So etwas findet in der Natur nicht statt.

Die sogenannte Selektion in der Evolutionstheorie eliminiert Individuen, deren Merkmale für ein Leben in der betreffenden Umgebung nicht mehr geeignet sind. Die Eliminierung erfolgt jedoch nicht selektiv durch irgendeine Instanz, die sie aktiv vornimmt, sondern sie ist einfach die Folge unzureichender Möglichkeiten unter bestimmten neu eingetretenen Umweltbedingungen Nachkommen hervor zu bringen.

Eine Eliminierung kann aber nichts dazu beitragen, dass neue Merkmale entstehen. Die Entstehung neuer Eigenschaften und Fähigkeiten geschieht auf einer anderen biologischen Ebene nämlich in der Keimbahn. In der hinduistischen Anschauung wird die Lebenserhaltung durch die Kräfte des Vishnu symbolisiert, die Erhaltung des Lebens an sich, und durch Brahma als Kraft der Neubeginne.

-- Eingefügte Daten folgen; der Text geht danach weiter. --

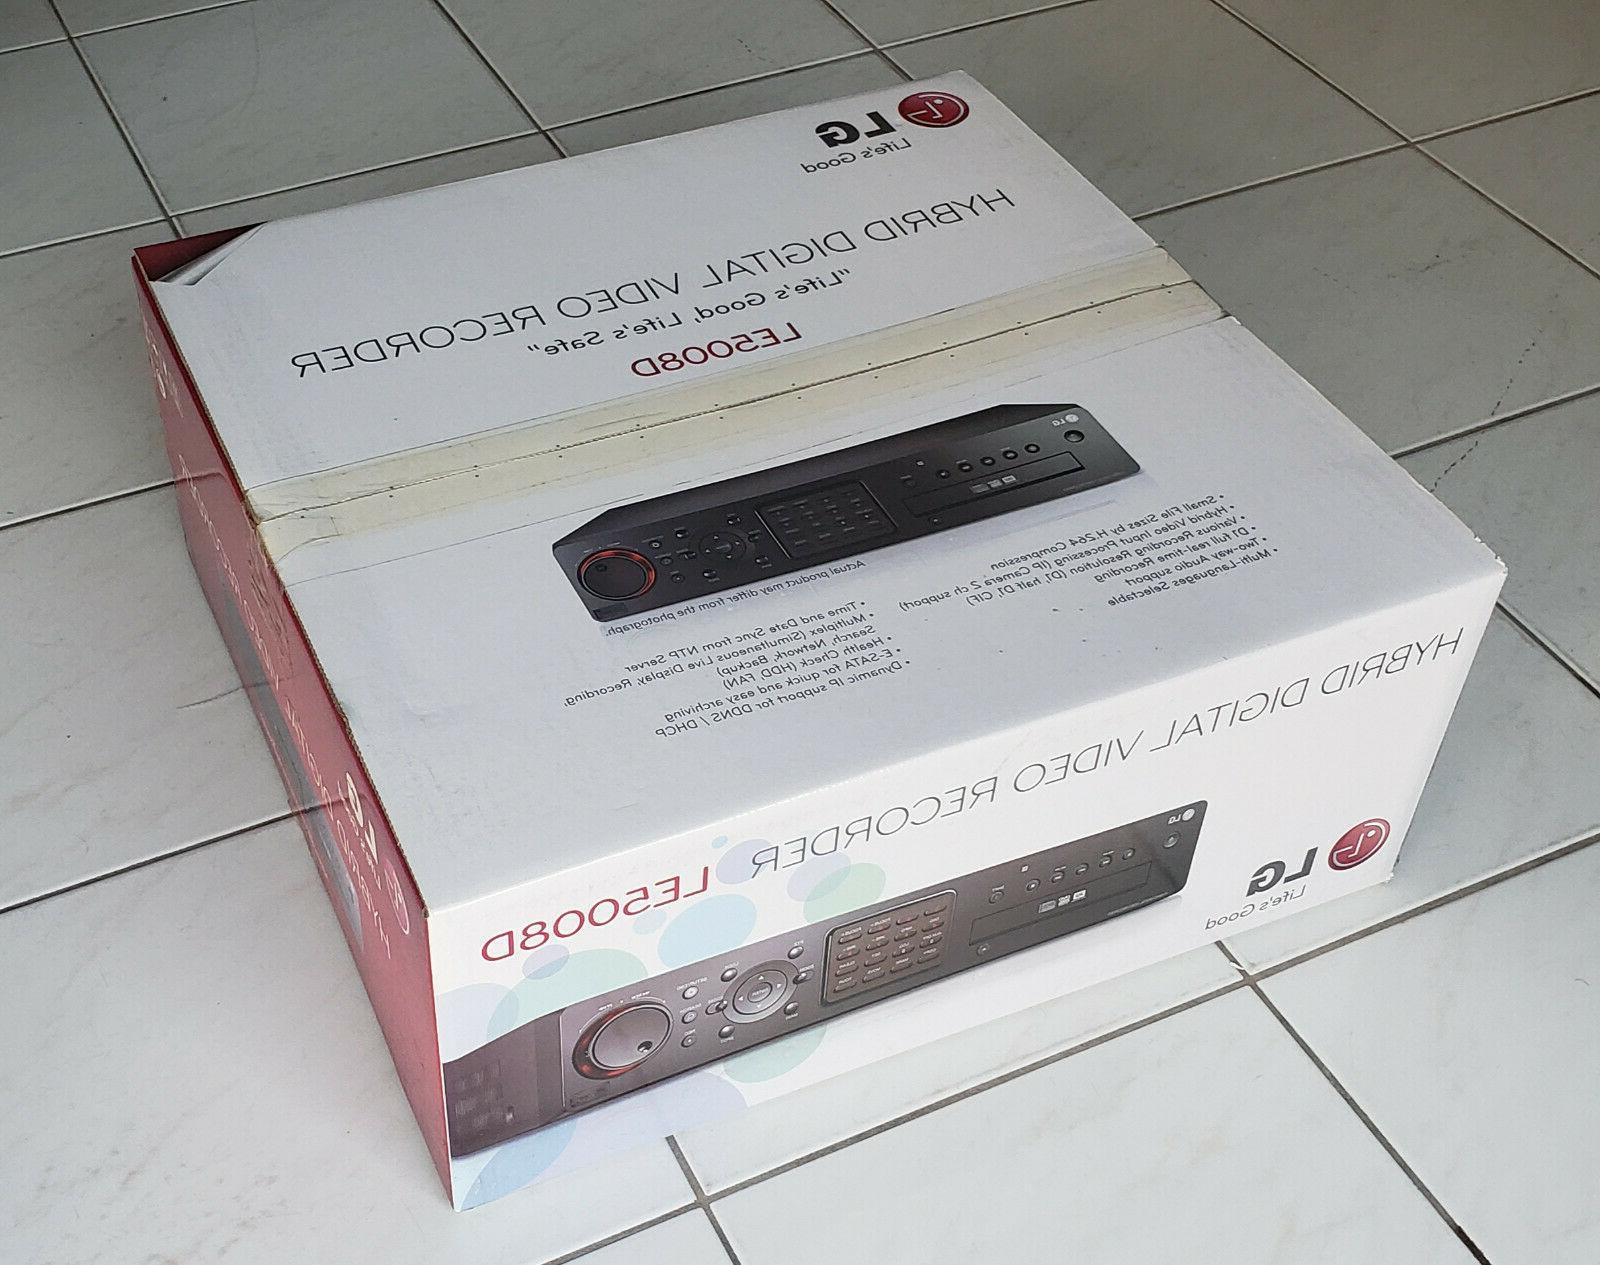 LG Digital Video Recorder DVR Security Hybrid

Gäbe es diese Kräfte nicht, würde die sogenannte Selektion nur zum Aussterben von Individuen und Arten führen. Das Aussterben kann aber keine neuen Merkmale erzeugen, denn diese entstehen genetisch und zwar unabhängig davon, ob Träger anderer Merkmale vorhanden sind oder nicht. Sie entstehen auch dann, wenn eine Zerstörung von etwas Vorhandenem voraus gegangen ist aber nicht deshalb!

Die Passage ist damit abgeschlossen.